IX.  Les dispositions de la convention n'empêchent en rien la France d'appliquer les dispositions de l'art. 212 de son code général des impôts dans la mesure où cette application est compatible avec les principes de l'art. 9 de la convention.»

X. Il est entendu que les résidents d'un Etat contractant qui disposent d'une ou plusieurs résidences sur le territoire de l'autre Etat ne peuvent être soumis dans ce dernier Etat, à un impôt sur le revenu selon une base forfaitaire déterminée d'après la valeur locative de cette ou de ces résidences.

XI. Dans les cas d'échanges de renseignements effectués sur le fondement de l'art. 28 de la Convention, l'autorité compétente de l'Etat requérant formule ses demandes de renseignements après avoir utilisé les sources habituelles de renseignements prévues par sa procédure fiscale interne.

La référence aux renseignements «vraisemblablement pertinents» a pour but d'assurer un échange de renseignements en matière fiscale qui soit le plus large possible, sans qu'il soit pour autant loisible aux Etats contractants «d'aller à la pêche aux renseignements» ou de demander des renseignements dont il est peu probable qu'ils soient pertinents pour élucider les affaires fiscales d'un contribuable déterminé.
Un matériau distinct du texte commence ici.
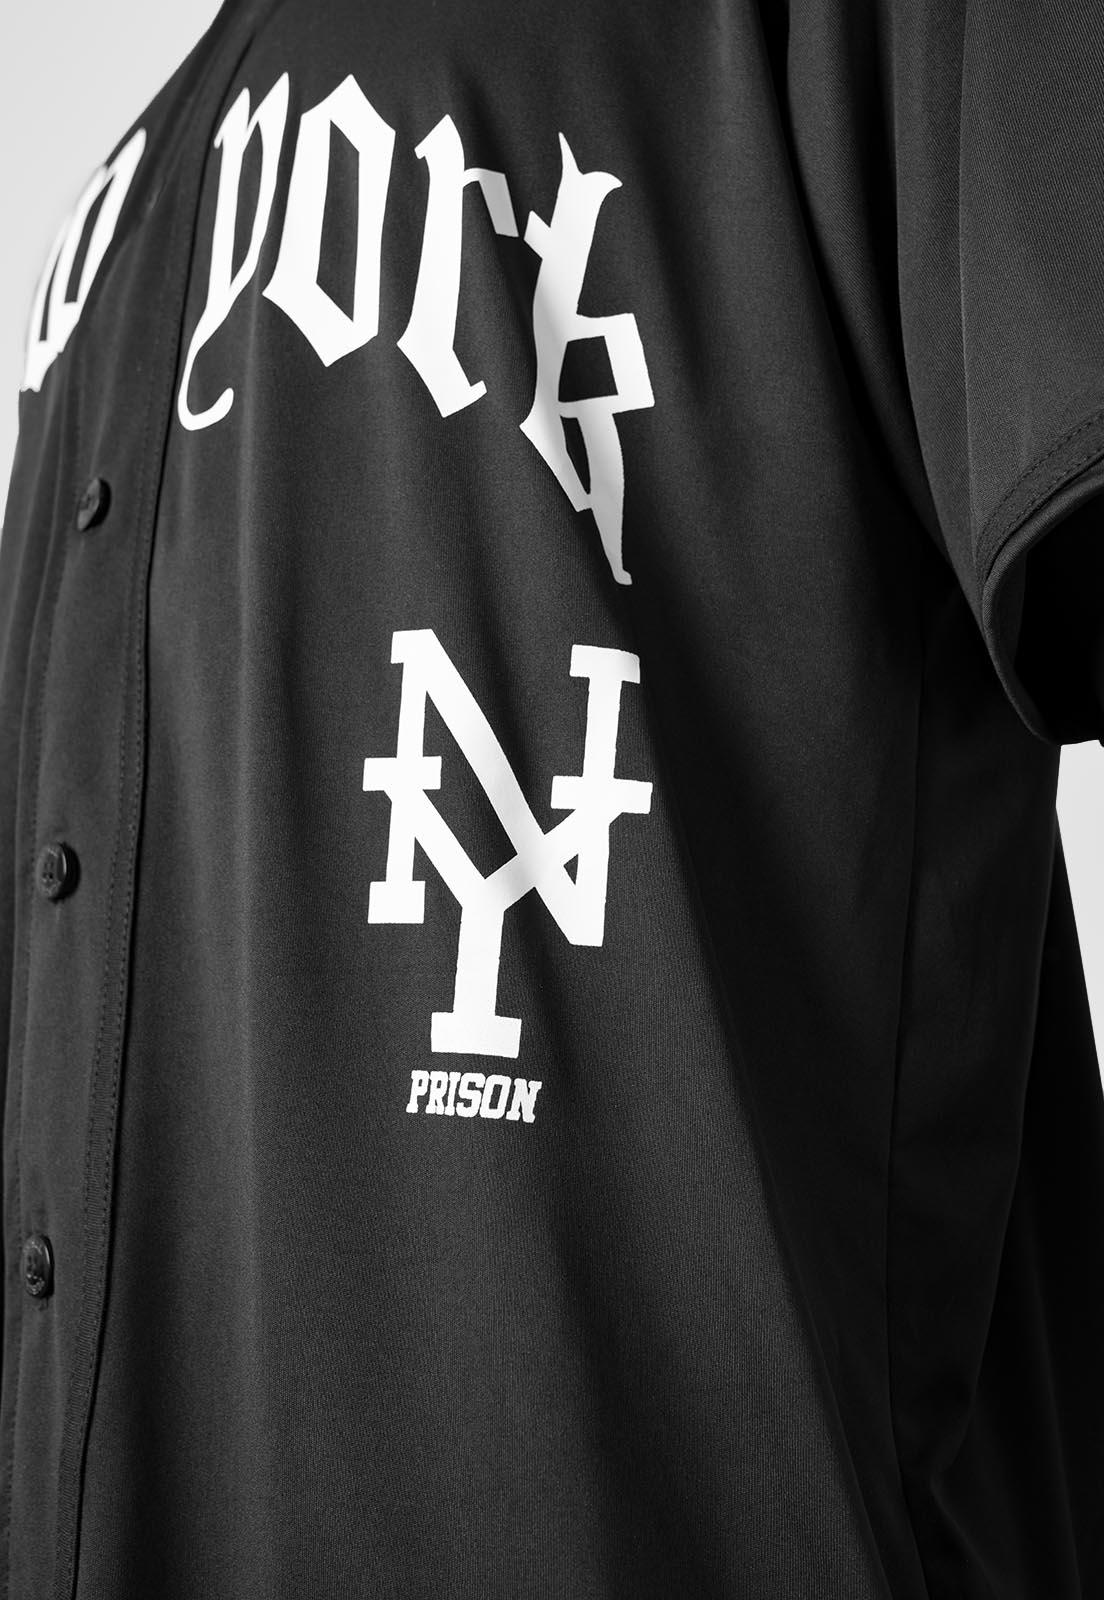 Camisa Baseball New York Prison Preta

L'autorité compétente requérante fournit les informations suivantes à l'autorité compétente de l'Etat requis:

a)
le nom et une adresse de la personne faisant l'objet d'un contrôle ou d'une enquête et, si disponible, tout autre élément de nature à faciliter l'identification de la personne (date de naissance, état-civil …);
b)
la période visée par la demande;
c)
une description des renseignements recherchés, notamment leur nature et la forme sous laquelle l'Etat requérant souhaite recevoir les renseignements de l'Etat requis;
d)
le but fiscal dans lequel les renseignements sont demandés;
e)
dans la mesure où ils sont connus, les nom et adresse de toute personne dont il y a lieu de penser qu'elle est en possession des renseignements demandés.

Les règles de procédure administratives relatives aux droits du contribuable s'appliquent dans l'Etat requis, sans pour autant que leur application puisse entraver ou retarder indûment les échanges effectifs de renseignements.
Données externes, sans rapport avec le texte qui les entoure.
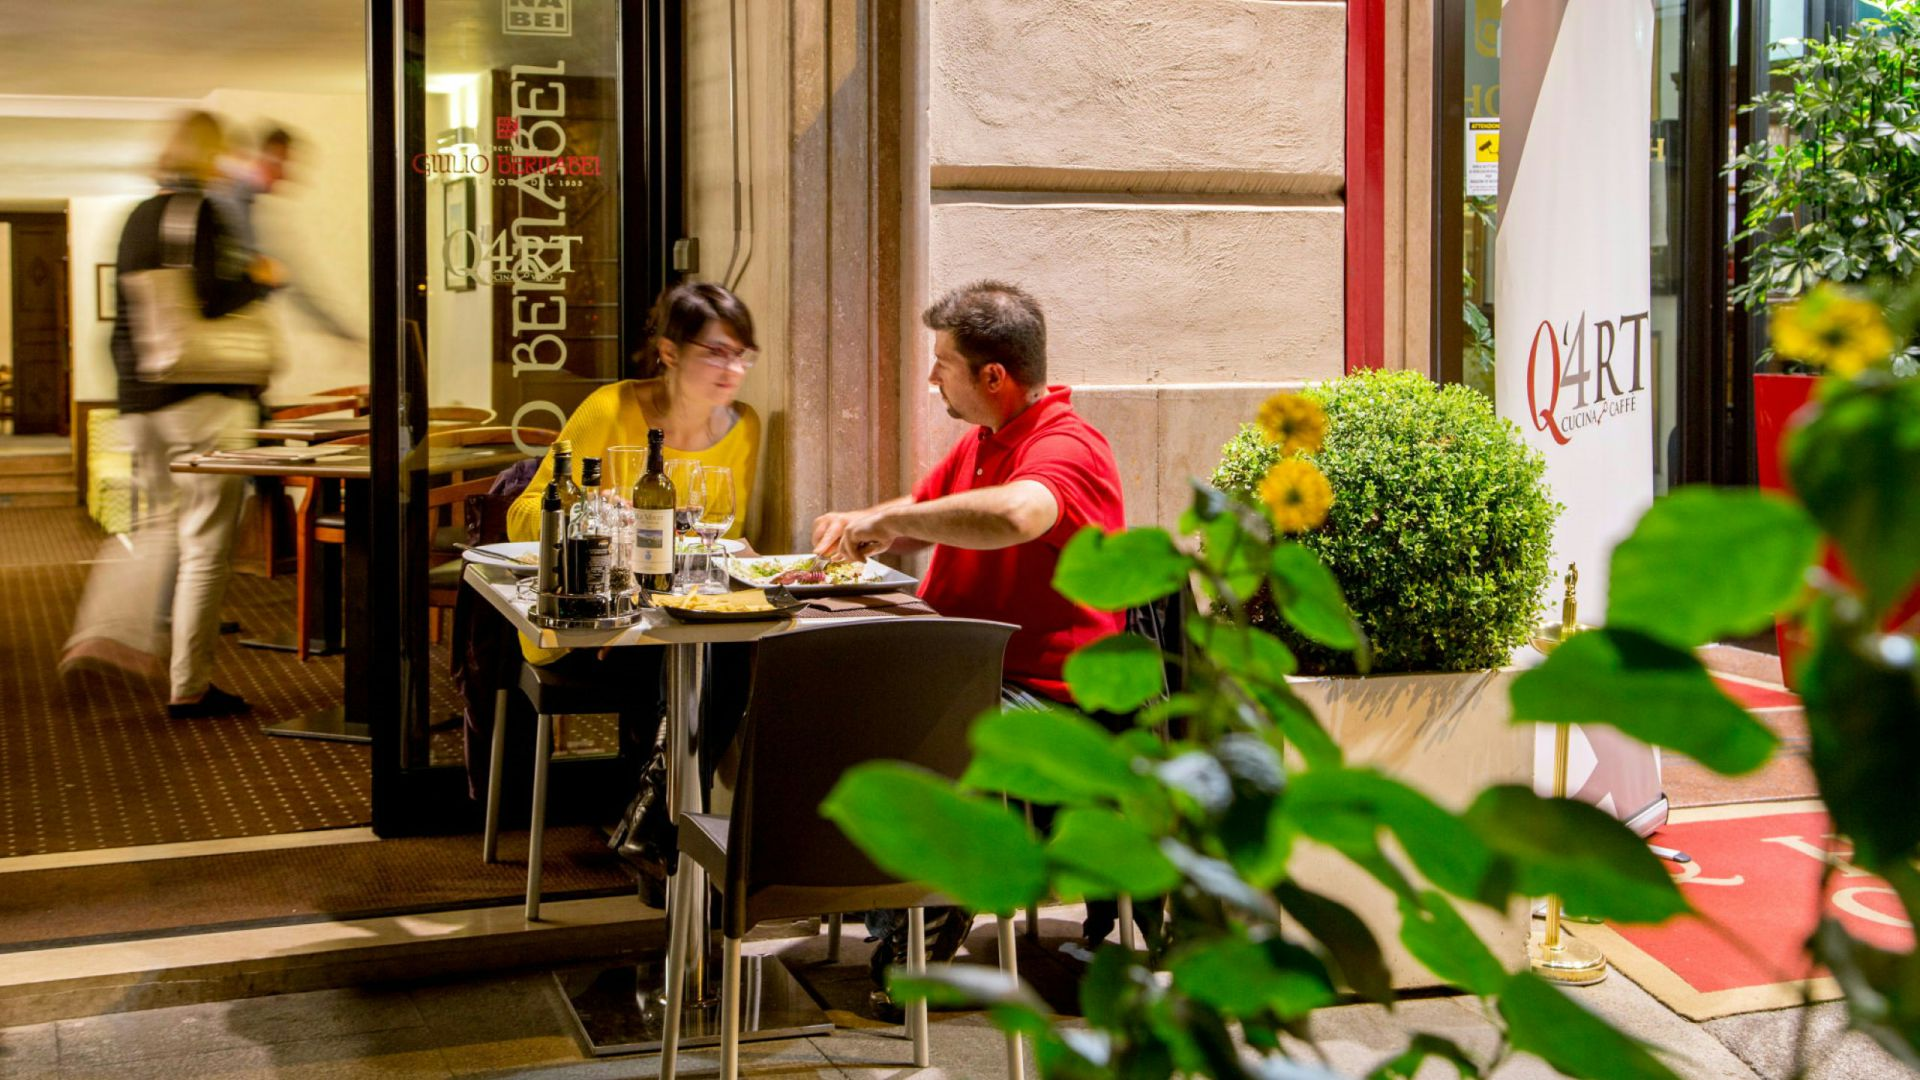 Foto-Hotel-Oxford-Roma-bar-de-vinhos-3

Il est entendu que les Etats contractants ne sont pas tenus, sur la base de l'art. 28 de la Convention, de procéder à un échange de renseignements spontané ou automatique.

Fait en deux exemplaires à Paris, le neuf septembre mil neuf cent soixante six.


Varia

Art. 21, par. 2 de l'Avenant du 22 juillet 1997

2. Les dispositions de l'Avenant s'appliqueront:

a)
en ce qui concerne les impôts perçus par voie de retenue à la source, aux sommes imposables à compter de la date d'entrée en vigueur de l'Avenant;
b)
en ce qui concerne les impôts sur le revenu qui ne sont pas perçus par voie de retenue à la source, aux revenus afférents, suivant les cas, à toute année civile ou à tout exercice en cours à la date d'entrée en vigueur de l'Avenant ou commençant après cette date;
c)
en ce qui concerne les autres impôts, aux impositions dont le fait générateur interviendra à compter de la date d'entrée en vigueur de l'Avenant, et également, en ce qui concerne la taxe professionnelle visée au par. 5 de l'art. 8 de la convention, aux impositions non encore acquittées pour lesquelles un litige est en cours à cette même date.
Art. 11, par. 2 à 4 de l'Avenant du 27 août 2009
2.  Les dispositions de l'Avenant s'appliquent, en ce qui concerne les impôts sur le revenu, aux revenus afférents, suivant les cas, à toute année civile ou tout exercice commençant après l'année civile au cours de laquelle l'Avenant est entré en vigueur.

3.  Nonobstant les dispositions du par. 2, le présent Avenant est applicable aux demandes d'échange de renseignements concernant toute année civile ou tout exercice commençant à compter du 1er janvier de l'année qui suit immédiatement la date de signature du présent Avenant.

4.  L'art. 28bis est applicable à toute créance non prescrite, selon le droit de l'Etat requérant, à la date d'entrée en vigueur du présent Avenant.